**Problem requirements**
Nothing but the lines from the one with "Új egyesületként az" through the end of the data should be set down, each exactly as written, and no picture should be included.

**Collected data**
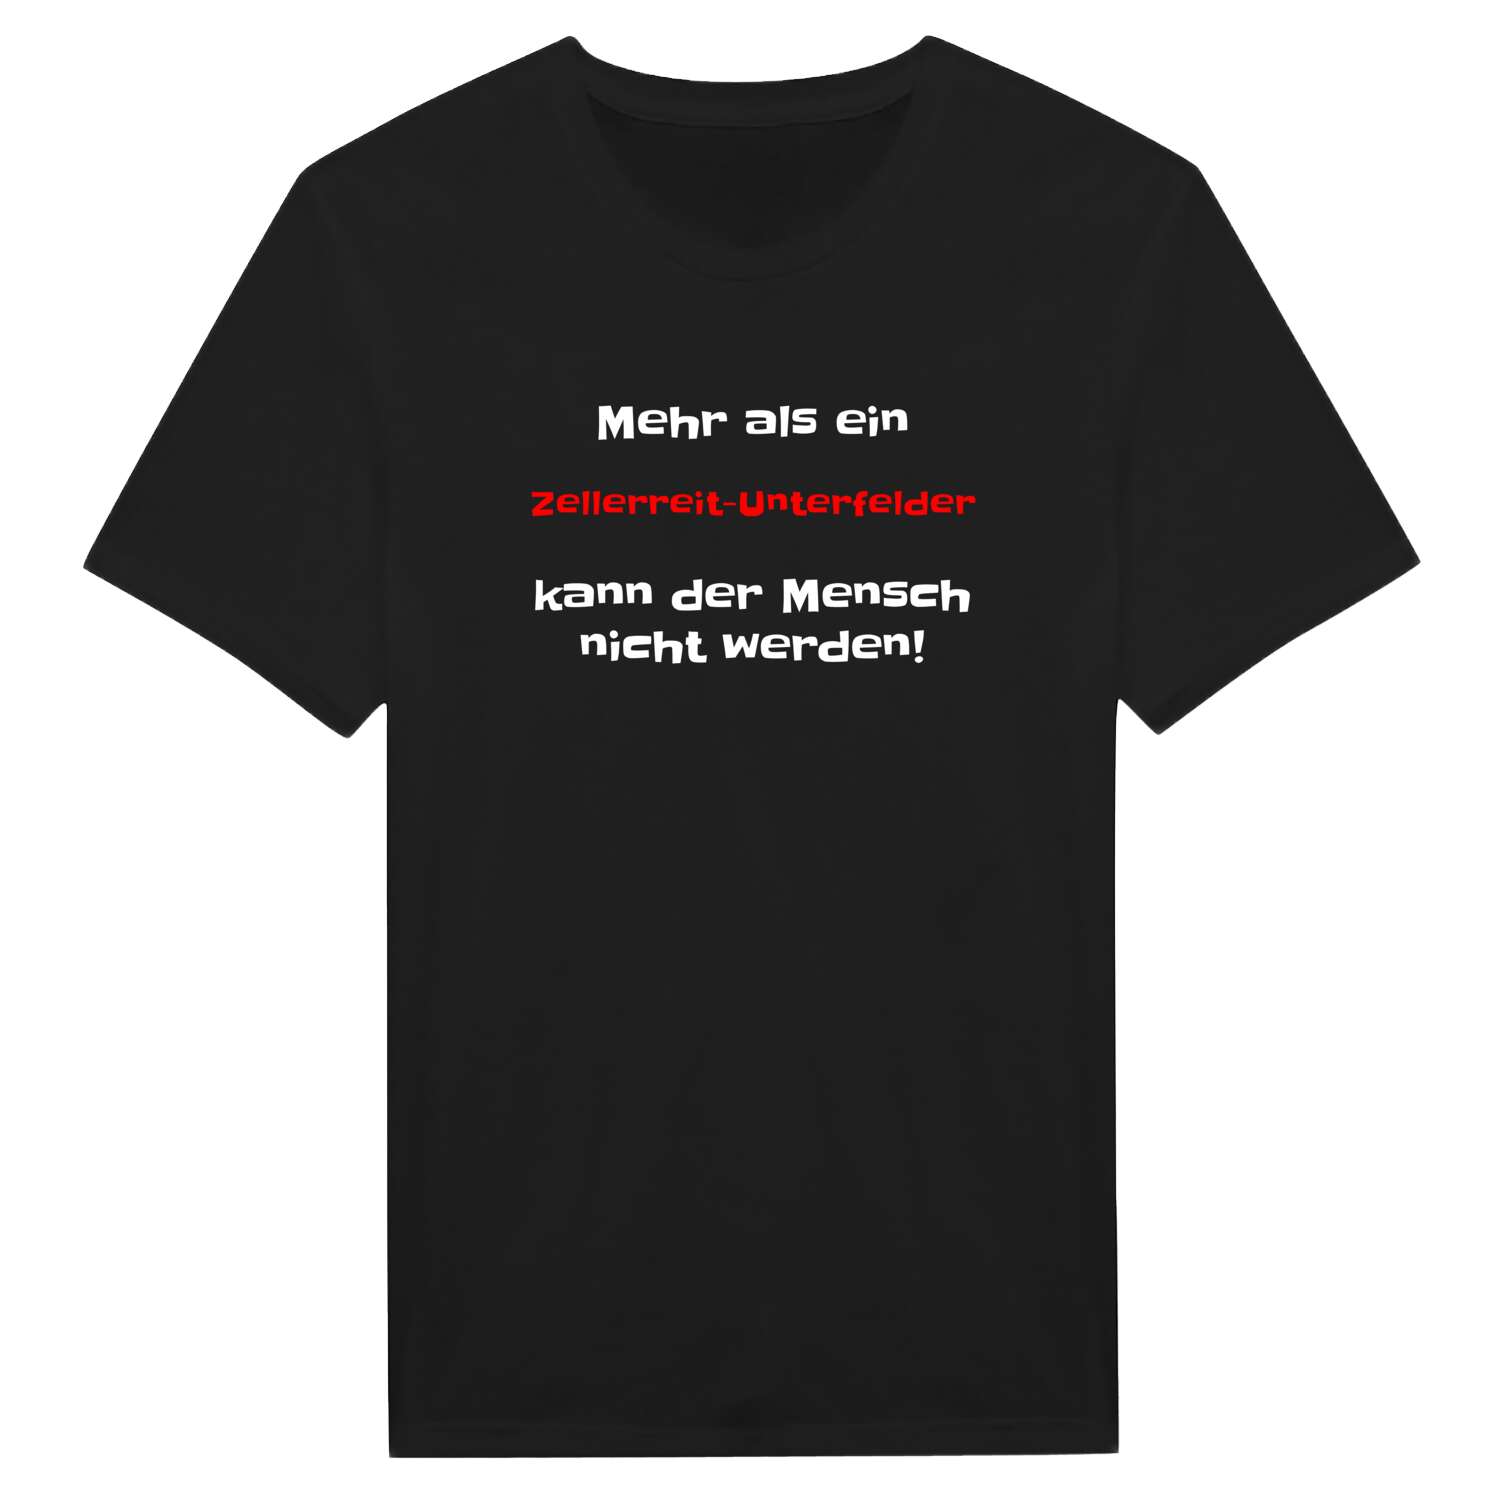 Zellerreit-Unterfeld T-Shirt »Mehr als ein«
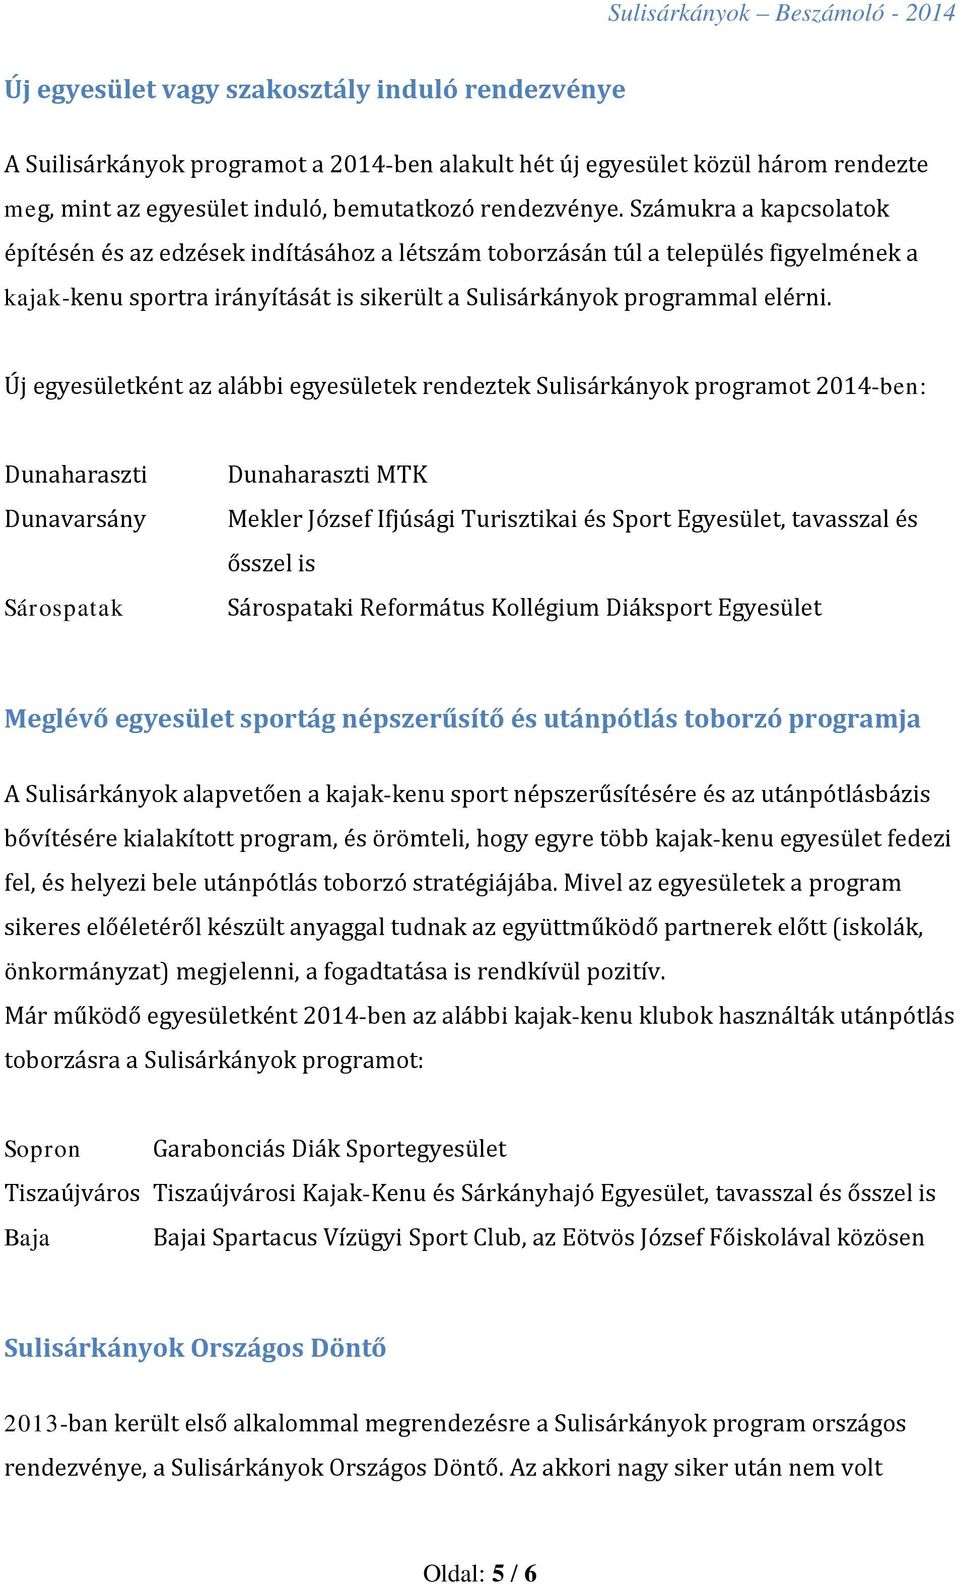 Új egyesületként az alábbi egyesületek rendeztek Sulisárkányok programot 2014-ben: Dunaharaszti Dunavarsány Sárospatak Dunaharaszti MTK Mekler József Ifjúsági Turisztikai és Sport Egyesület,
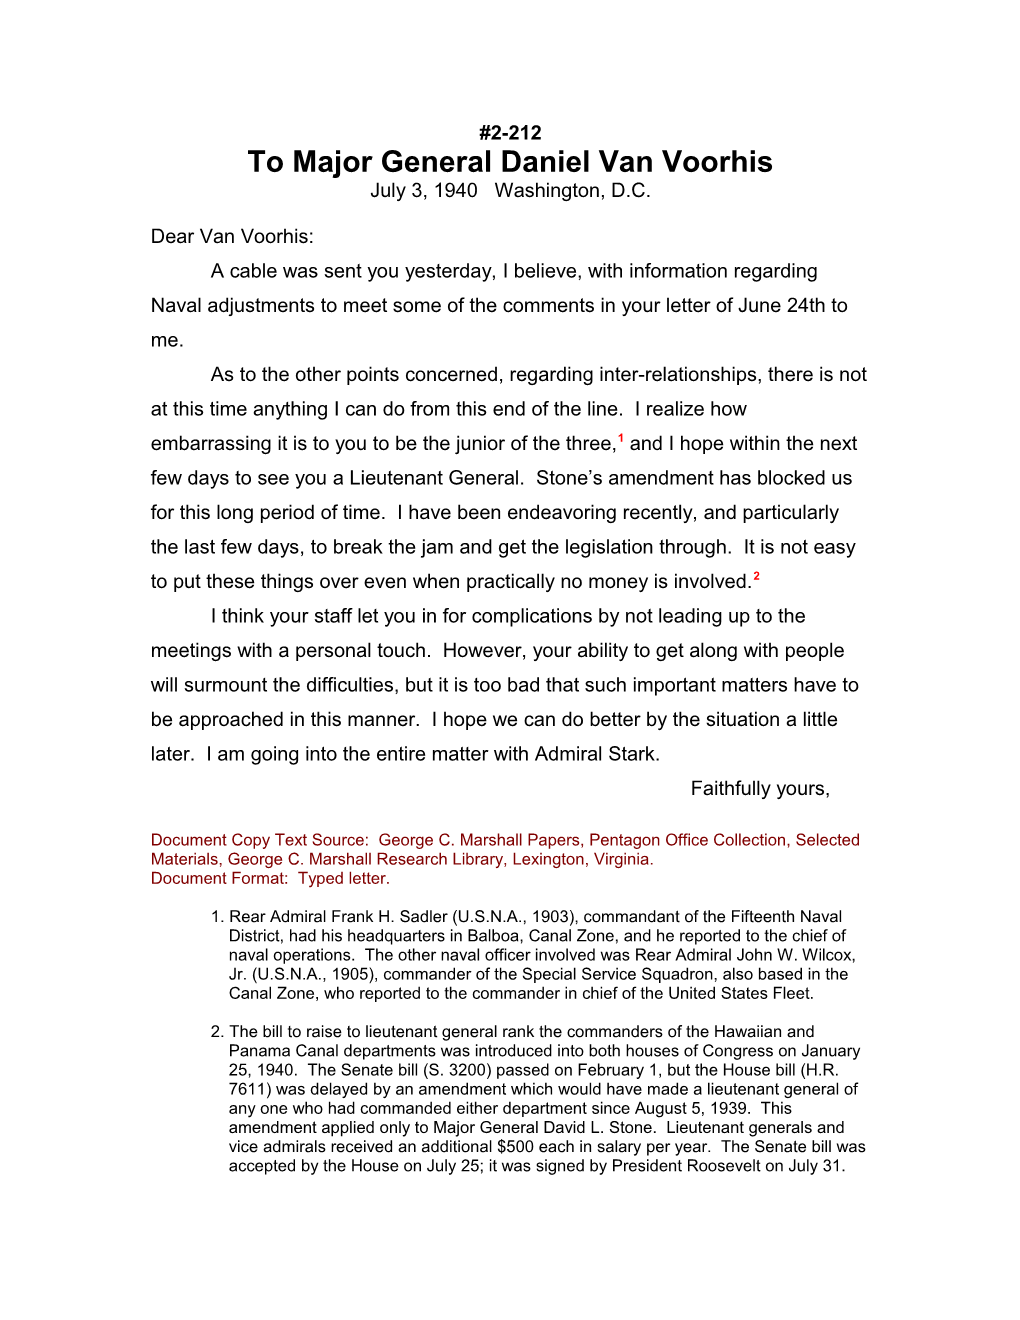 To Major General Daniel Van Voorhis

**Answer for the task**
 Új egyesületként az alábbi egyesületek rendeztek Sulisárkányok programot 2014-ben: Dunaharaszti Dunavarsány Sárospatak Dunaharaszti MTK Mekler József Ifjúsági Turisztikai és Sport Egyesület,
 To Major General Daniel Van Voorhis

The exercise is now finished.